The mother’s place of birth
Various studies involving Asian communities in England have shown the extent of anaemia rates, with the common finding of anaemia being twice as prevalent in Asians, at 20-29% (mainly Bangladeshi and Pakistani) compared to non-Asian children.⁴

Diet (which is influenced by cultural health beliefs) is the main causative factor that predisposes Asians to a low iron status. Compared with white mothers, Asian mothers tend to introduce solid foods later, starting cows’ milk earlier as the main source of nutrition, often in large quantities of more than 600 ml per day—sometimes 60% of energy intake at the age of 18 months.

Asian infants tend to be partially or fully bottle fed for longer than in other populaces. Adding sugar to the milk, an Asian tendency, and bottle feeding in general may account for the large volumes consumed by infants.⁴

Preventing iron deficiency anaemia

Sufficient dietary iron from 4 months of age and during the weaning period is necessary to prevent the onset of iron deficiency anaemia. Primary prevention measures include the following.

Supplementary iron in food or milk formulas
Asians are less likely to be anaemic if they eat breakfast cereals, which, in the United Kingdom, tend to be fortified with vitamins and iron.⁴ Evidence suggests that iron supplements have no advantage over fortified formulas; it may even reduce growth rates, and its cost and unpleasant side effects make iron supplements an option to avoid.¹

Dietary education and feeding practices
Rigorous, culturally sensitive dietary educational programmes (including cookery demonstrations on home visits) for the mothers of children with iron deficiency anaemia have proved very beneficial. These provide advice on dietary habits, milk formulas, and weaning as well as encouraging compliance with iron therapy. With active reinforcement of advice, it has effectively improved maternal knowledge regarding the importance of a balanced diet, and has been successful in changing their child’s health.⁸ With limited resources, however, implementing a nationwide scheme has proved difficult.

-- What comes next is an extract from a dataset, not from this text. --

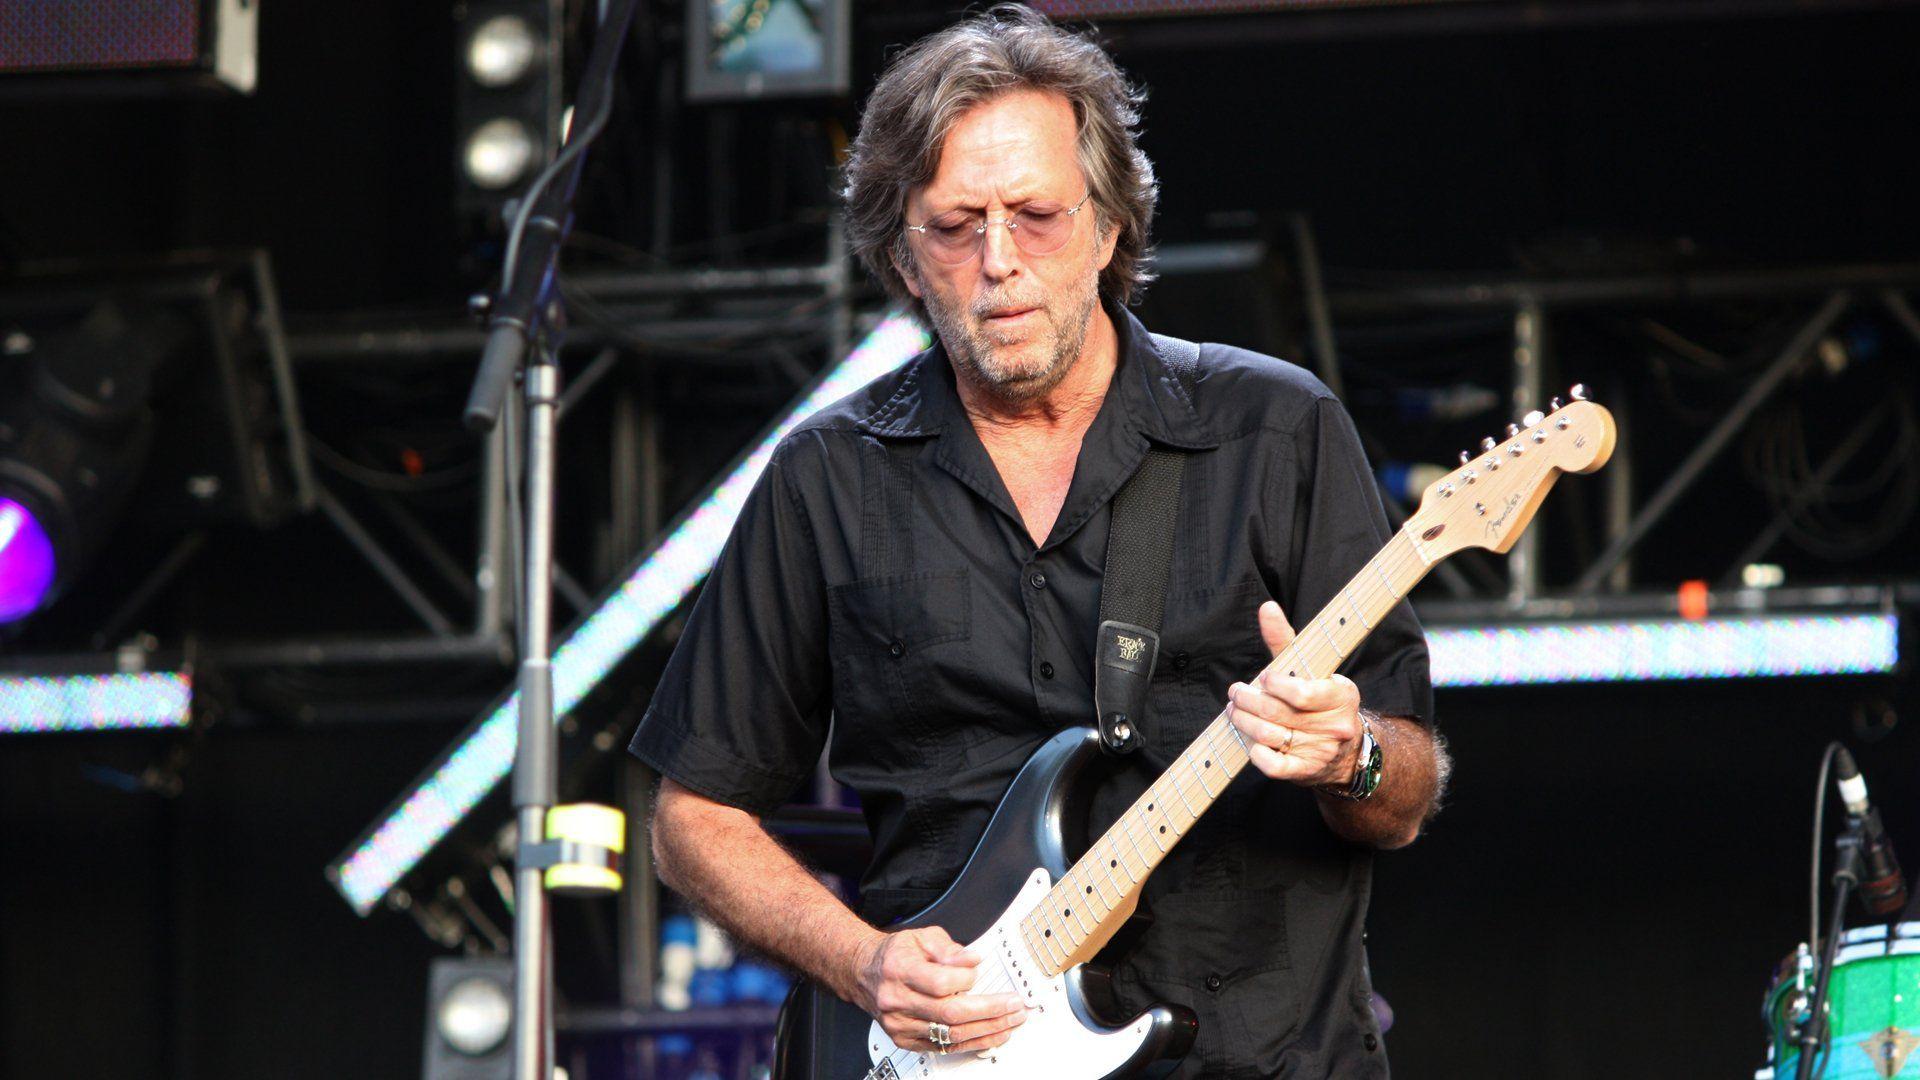 Eric Clapton Wallpaper for PC Full HD Picture. HD Wallpaper

Free formulas for at risk infants
In the United States, free bottled milk fortified with iron was shown to improve anaemia rates, and it is thought that introducing such a scheme in the United Kingdom may benefit our infants.⁷ In Birmingham, anaemia rates fell when people on income support received free iron supplemented milk until the age of 12 months. After 12 months, however, iron intake reduced, possibly due to socioeconomic circumstances.¹

Communication problems
Good understanding and communication between  patients and doctors are central to good medical practice. This case highlights the difficulty in communication between non-English speakers and the medical team, and emphasises the poor availability of interpreters during medical emergencies. It can add to an already stressful situation and impair the standard of care given. Evidence shows that non-English speakers are less likely to receive important preventative services.⁹

Conclusion

Are we doing enough to bring down the rates of childhood iron deficiency anaemia? In view of current research and evidence, the answer is no. Iron deficiency anaemia is a serious clinical problem because it can adversely affect the neurological and therefore global development of children at their most vulnerable stage of life.